I have tables on my database with schema:
customers (customerID: integer, fName: string, lName: string)
items (itemID: integer, description: string, price: integer)
orders (orderID: integer, itemID: integer, aID: integer, customerID: integer, date: date)
For each customer, I would like to return the customerID, the number of orders and the average amount of money the customer spent during March 2013 (Total spending for each customer/order in March) this includes ALL customers regardless of whether they actually bought something in March or not.

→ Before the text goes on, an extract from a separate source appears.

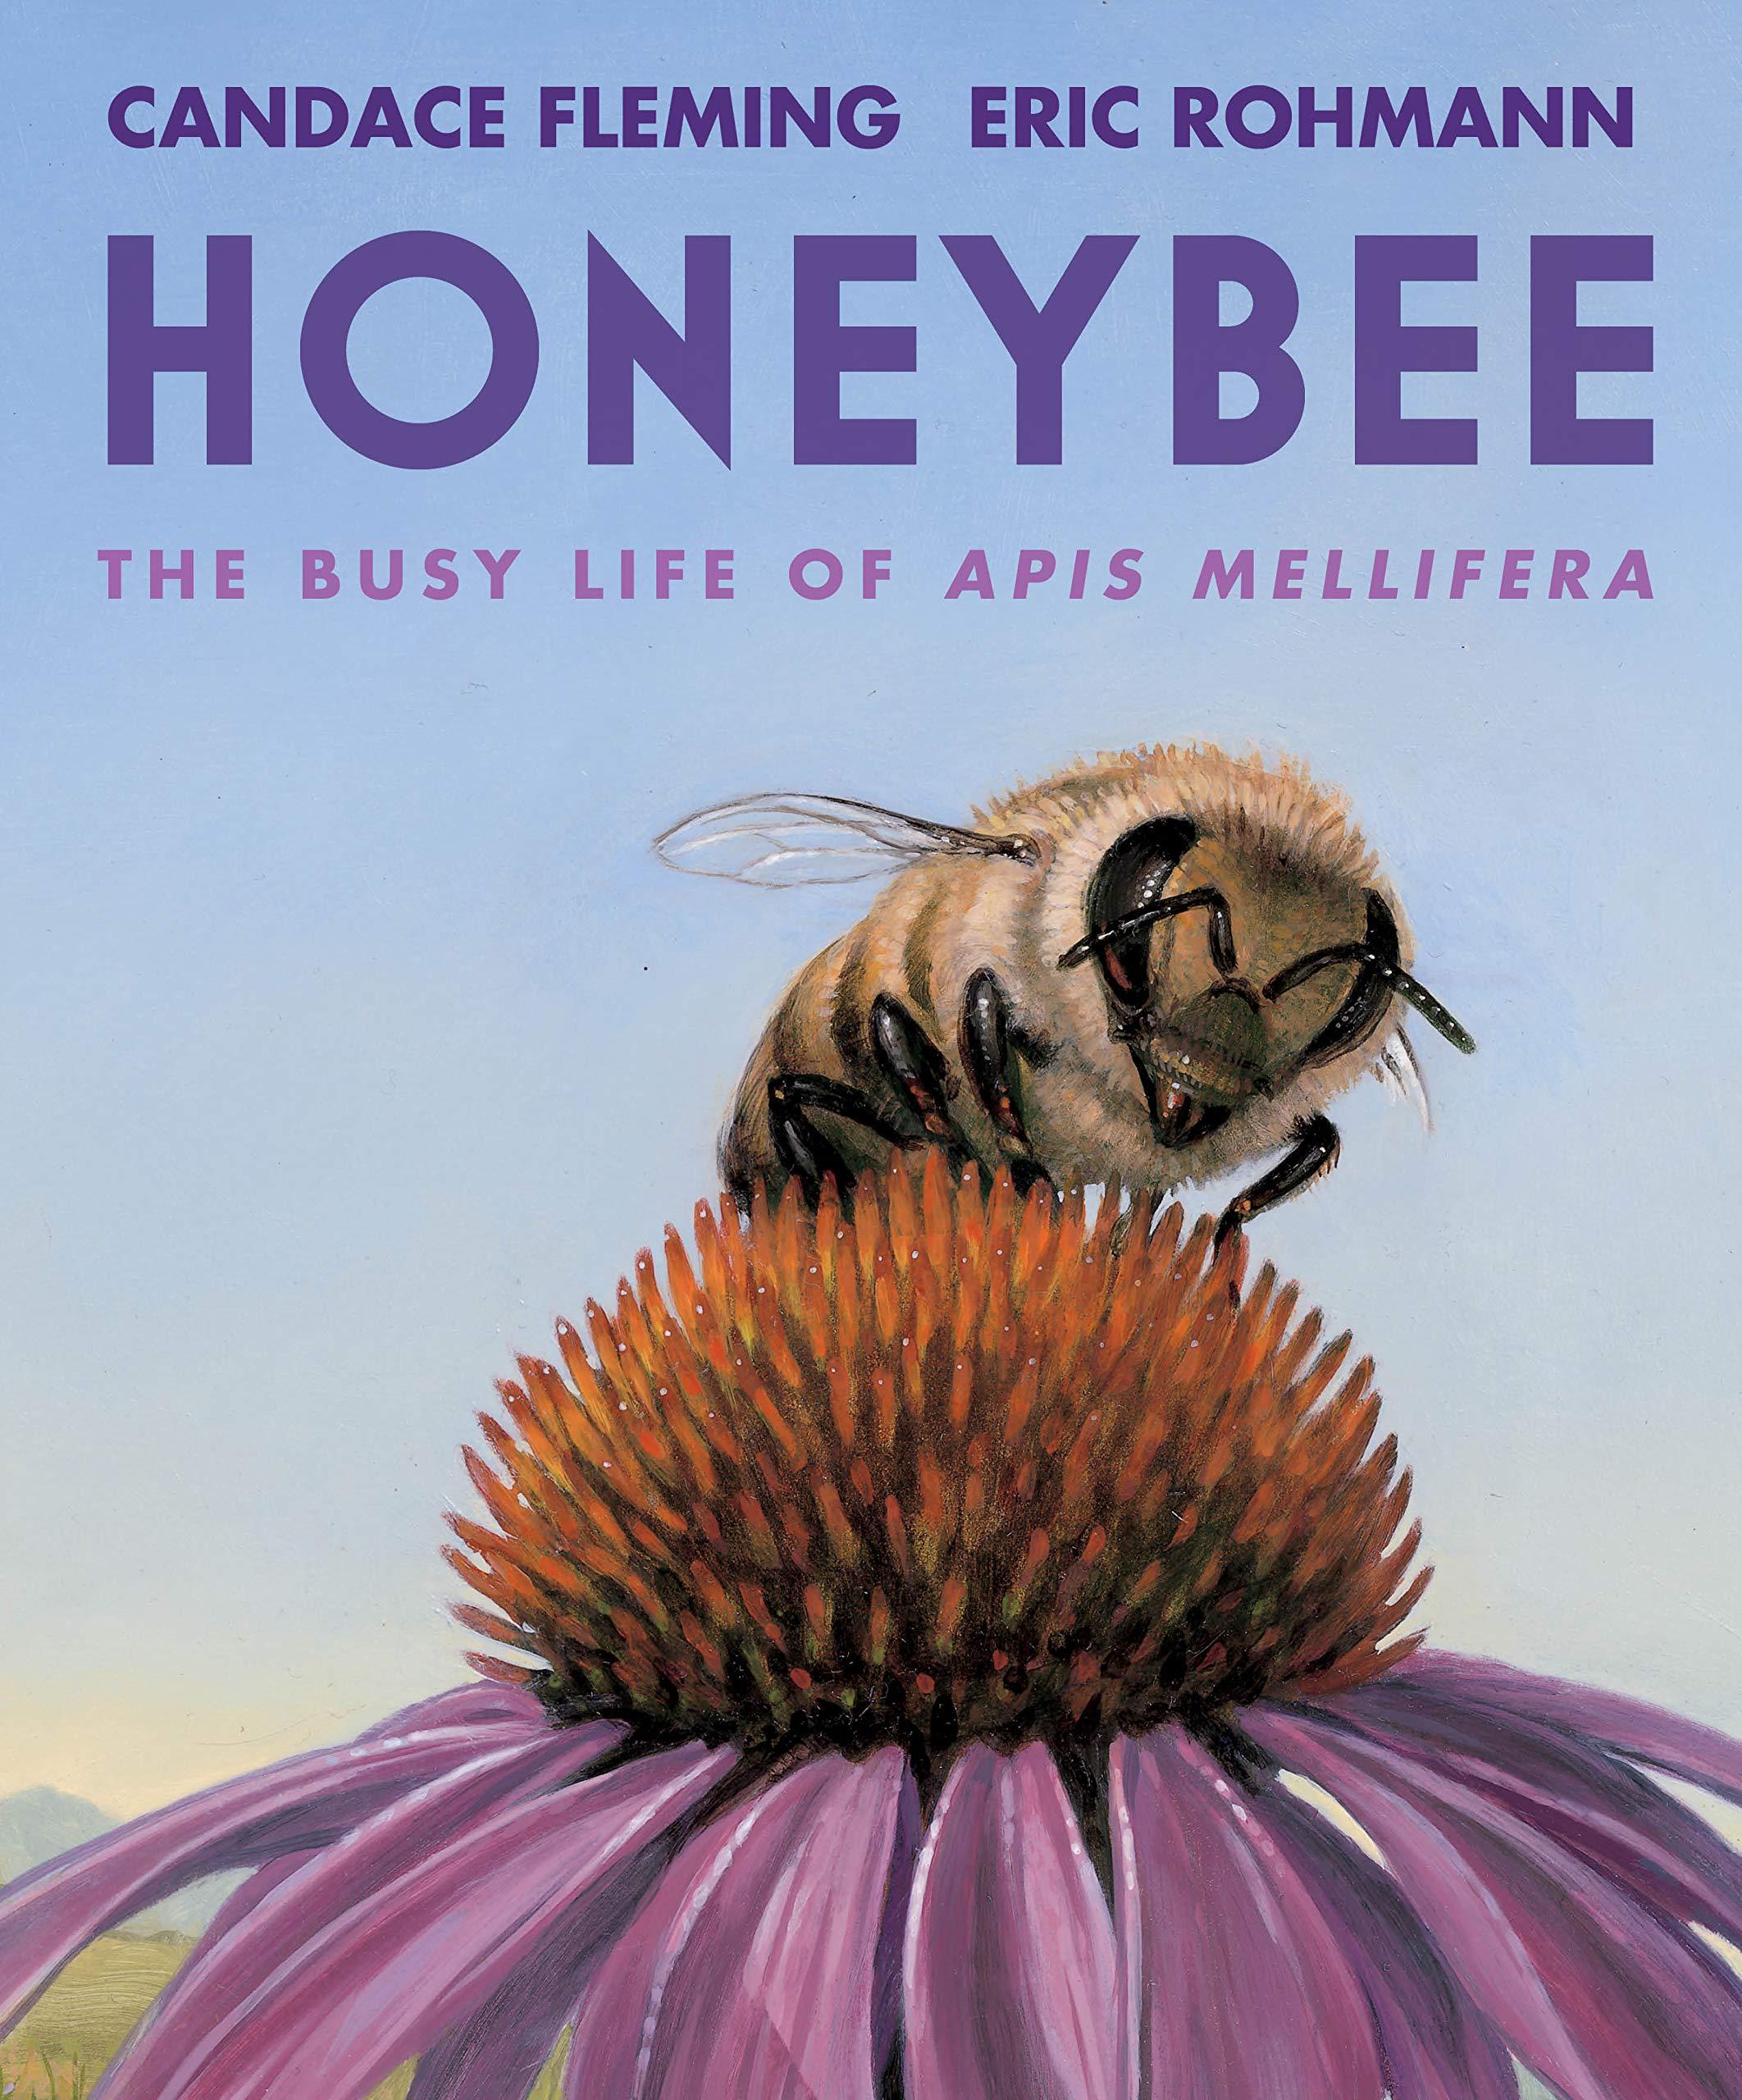 Honeybee: The Busy Life of Apis Mellifera: Fleming, Candace, Rohmann, Eric:  9780823442850: Amazon.com: Books
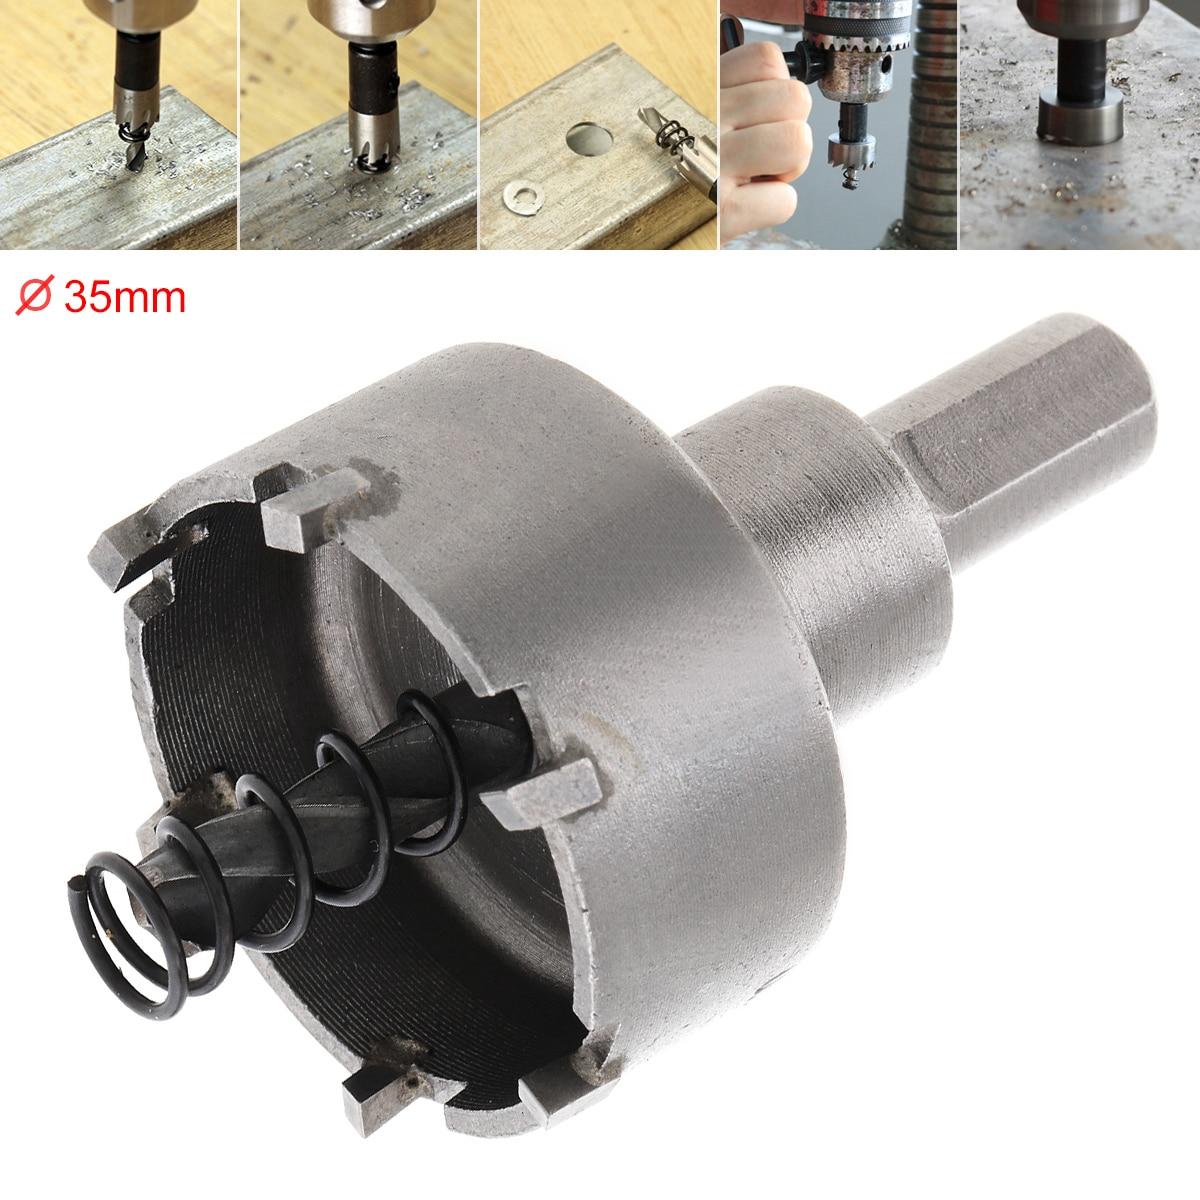 35MM/Carbide Cutter Head HSS Drill Set Hole For Stainless Steel Metal Alloy Cutter

I have tried using join and other functions but have not been successful. Any help would be appreciated. Thanks!
SELECT
c.customerID,
COUNT(DISTINCT o.orderID) AS number_of_orders,
SUM(i.price) / COUNT(DISTINCT o.orderID) AS my_average
FROM
customers c
LEFT JOIN orders o ON o.customerID = c.customerID AND o.date >= '2013-03-01' AND o.date < '2013-04-01'
LEFT JOIN items i ON o.itemID = i.itemID
GROUP BY c.customerID
I used the DISTINCT in the COUNT() function, because you might have multiple items per order. I don't know your data. Even if this is not the case, there's a difference between COUNT(*) and COUNT(whatever_column). The first counts every row, the latter counts only the rows that are NOT NULL in this column.
You have to use LEFT JOIN, because you want to have every customer, regardless if there is an order for the customer or not.
The filter condition for orders (only orders from March 2013) is in the join condition, because putting it in the WHERE clause would effectively turn the LEFT JOIN into an INNER JOIN (then you would only get the customers that have also ordered something in March 2013). Or you would have to extend your WHERE condition with OR o.orderID IS NULL.
Any more questions?